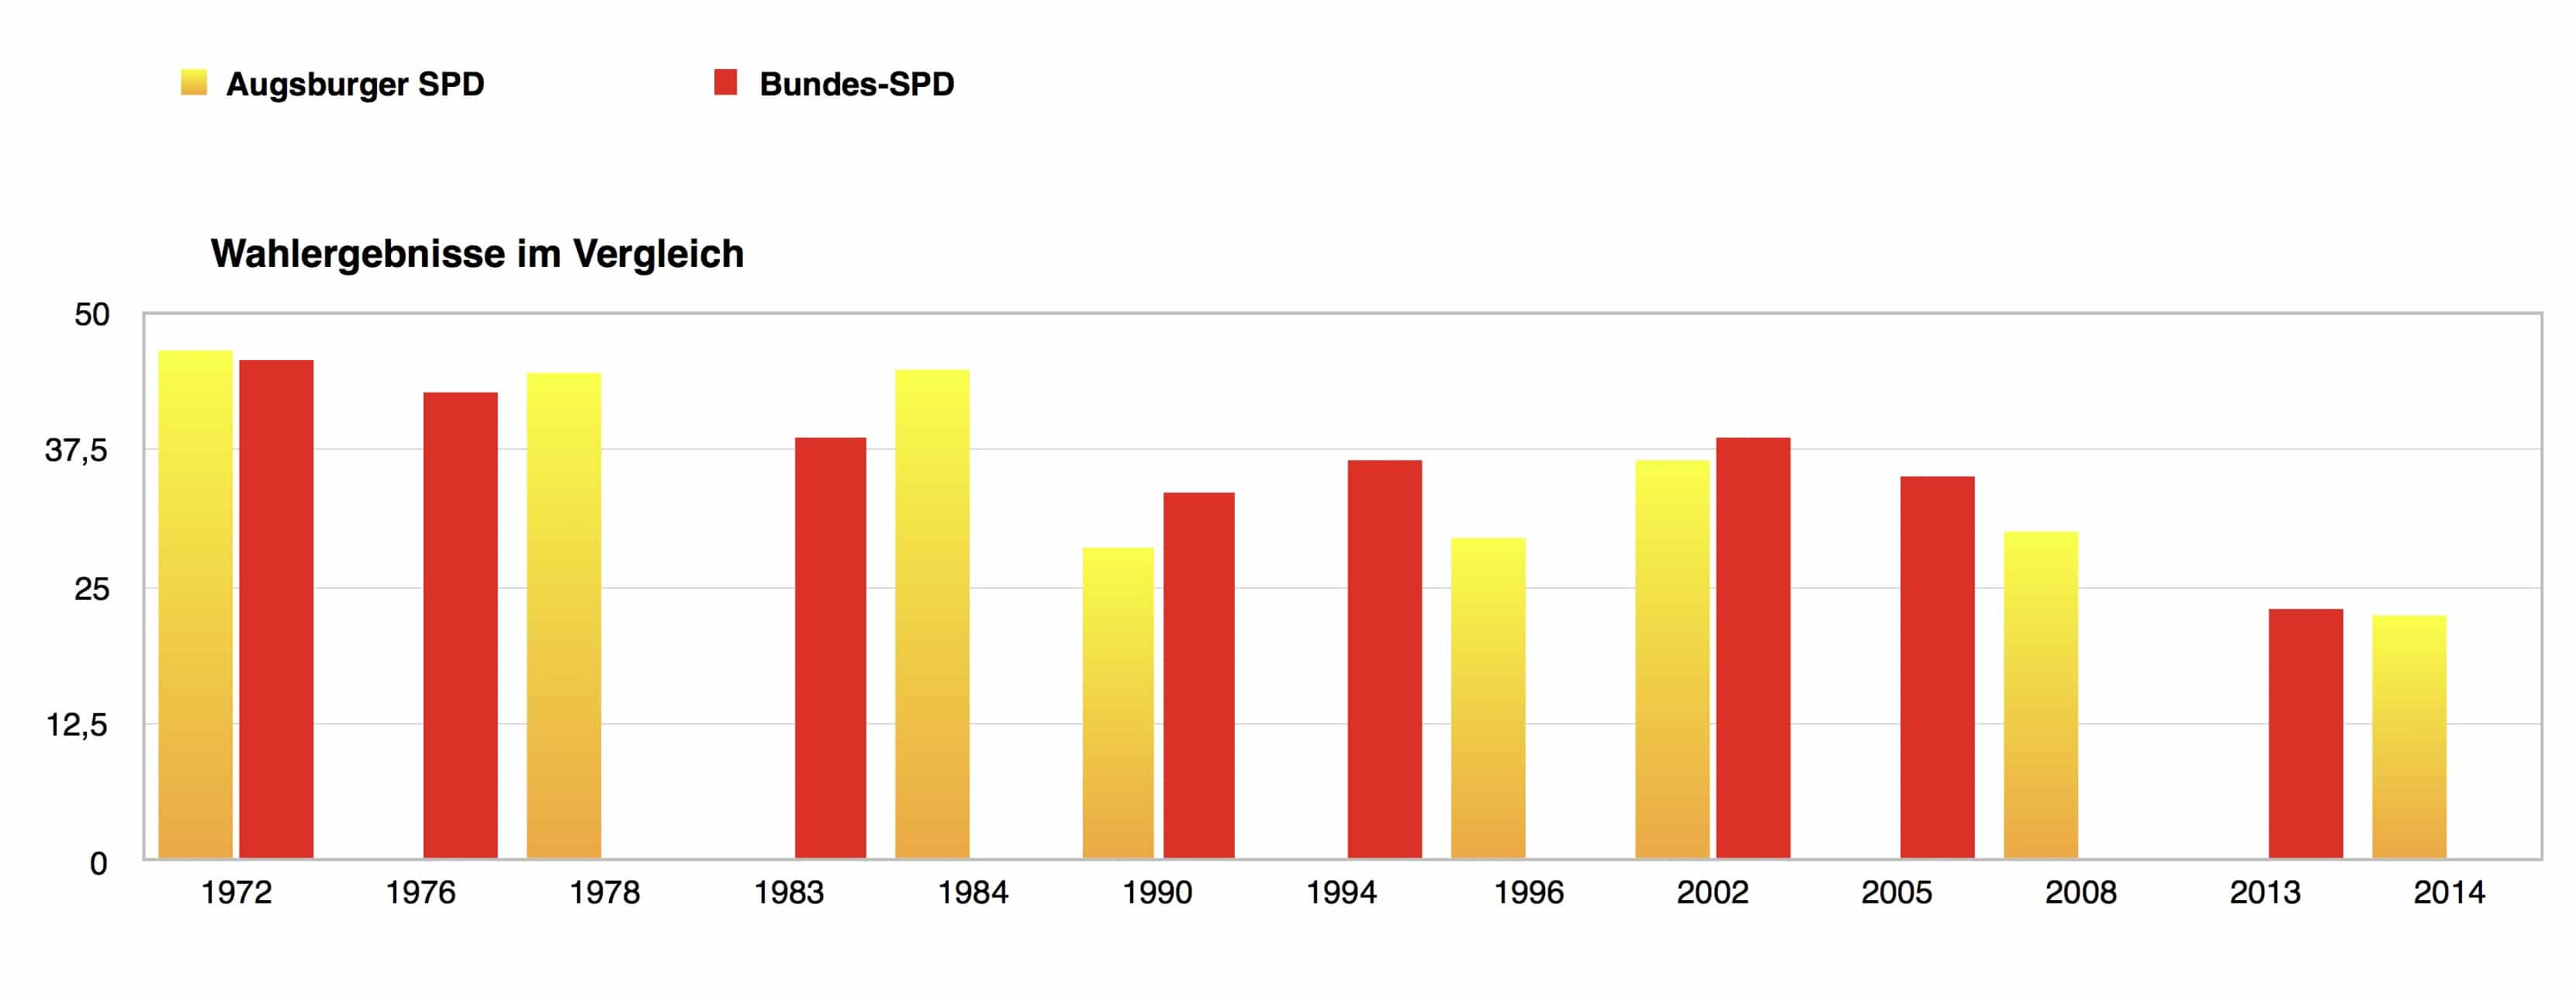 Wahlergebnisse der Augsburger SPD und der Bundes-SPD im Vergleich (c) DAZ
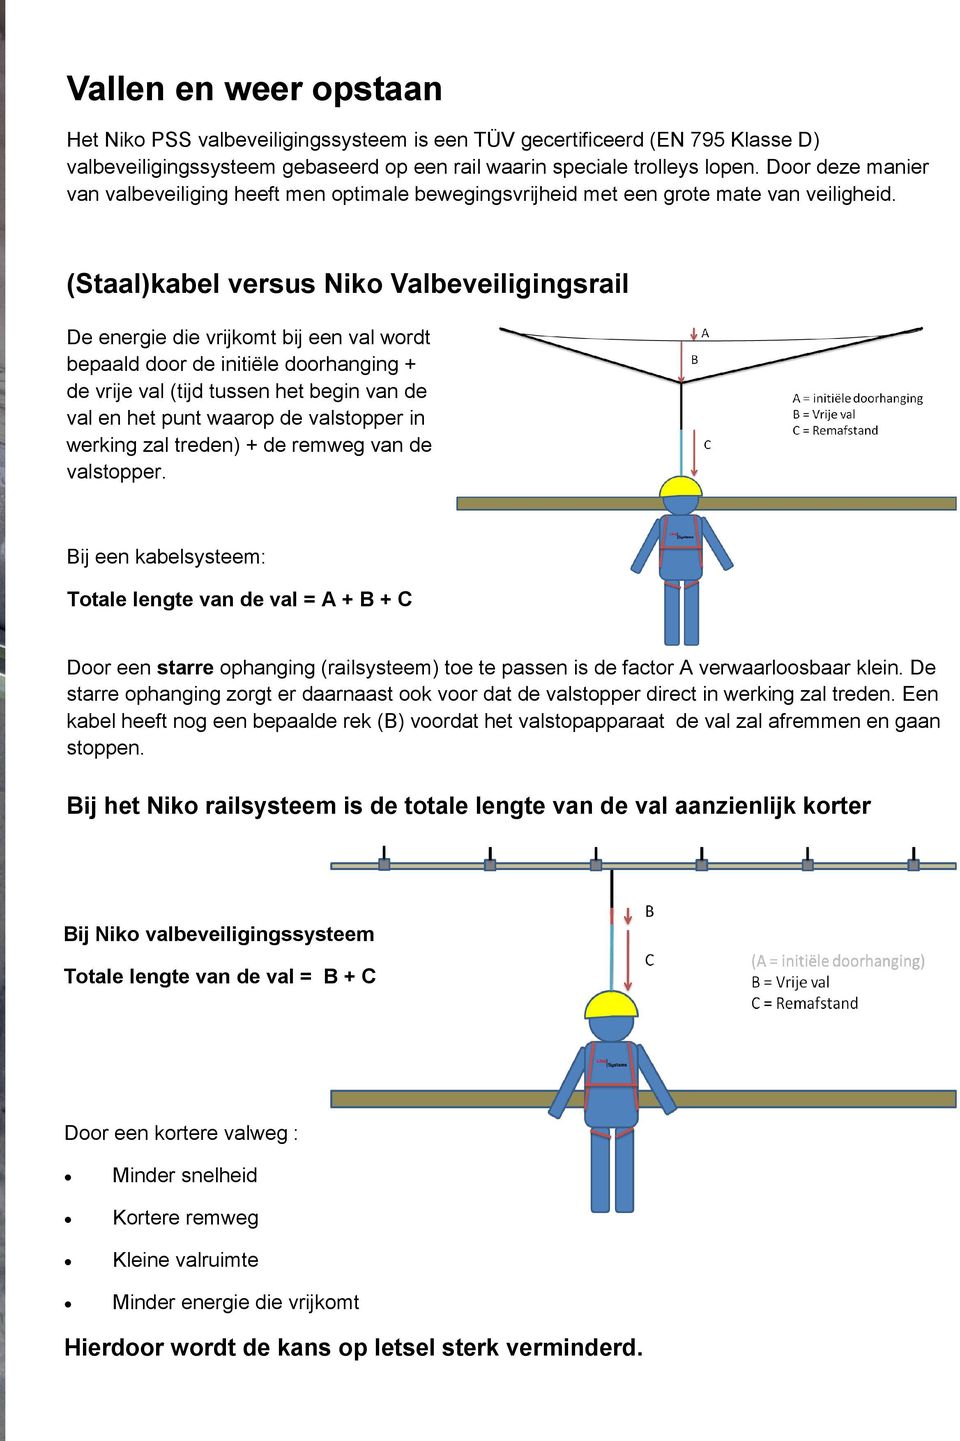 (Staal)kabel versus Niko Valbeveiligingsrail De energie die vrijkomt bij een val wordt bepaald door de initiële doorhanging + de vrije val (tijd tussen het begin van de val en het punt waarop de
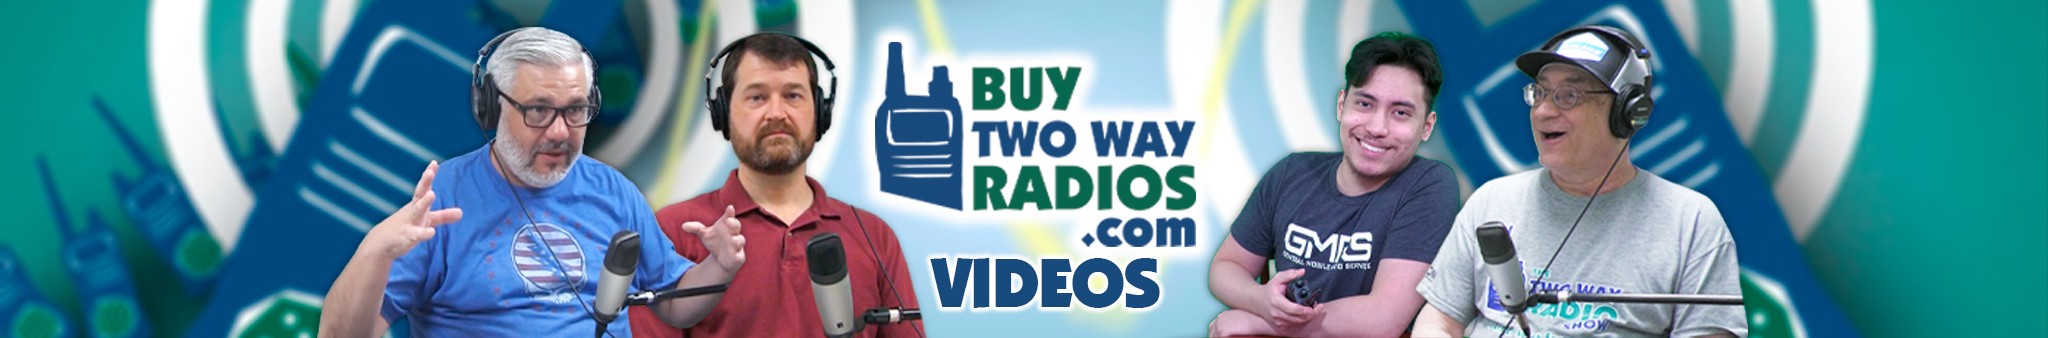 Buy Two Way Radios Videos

■ ■ ■

- _WHAT YOU WILL DO_
Starting with the line that contains "(Staal)kabel versus Niko", repeat each line exactly through the last line of the data above, and nothing more; the pictures stay out.

- _WRITTEN ANSWER_
 (Staal)kabel versus Niko Valbeveiligingsrail De energie die vrijkomt bij een val wordt bepaald door de initiële doorhanging + de vrije val (tijd tussen het begin van de val en het punt waarop de
 Buy Two Way Radios Videos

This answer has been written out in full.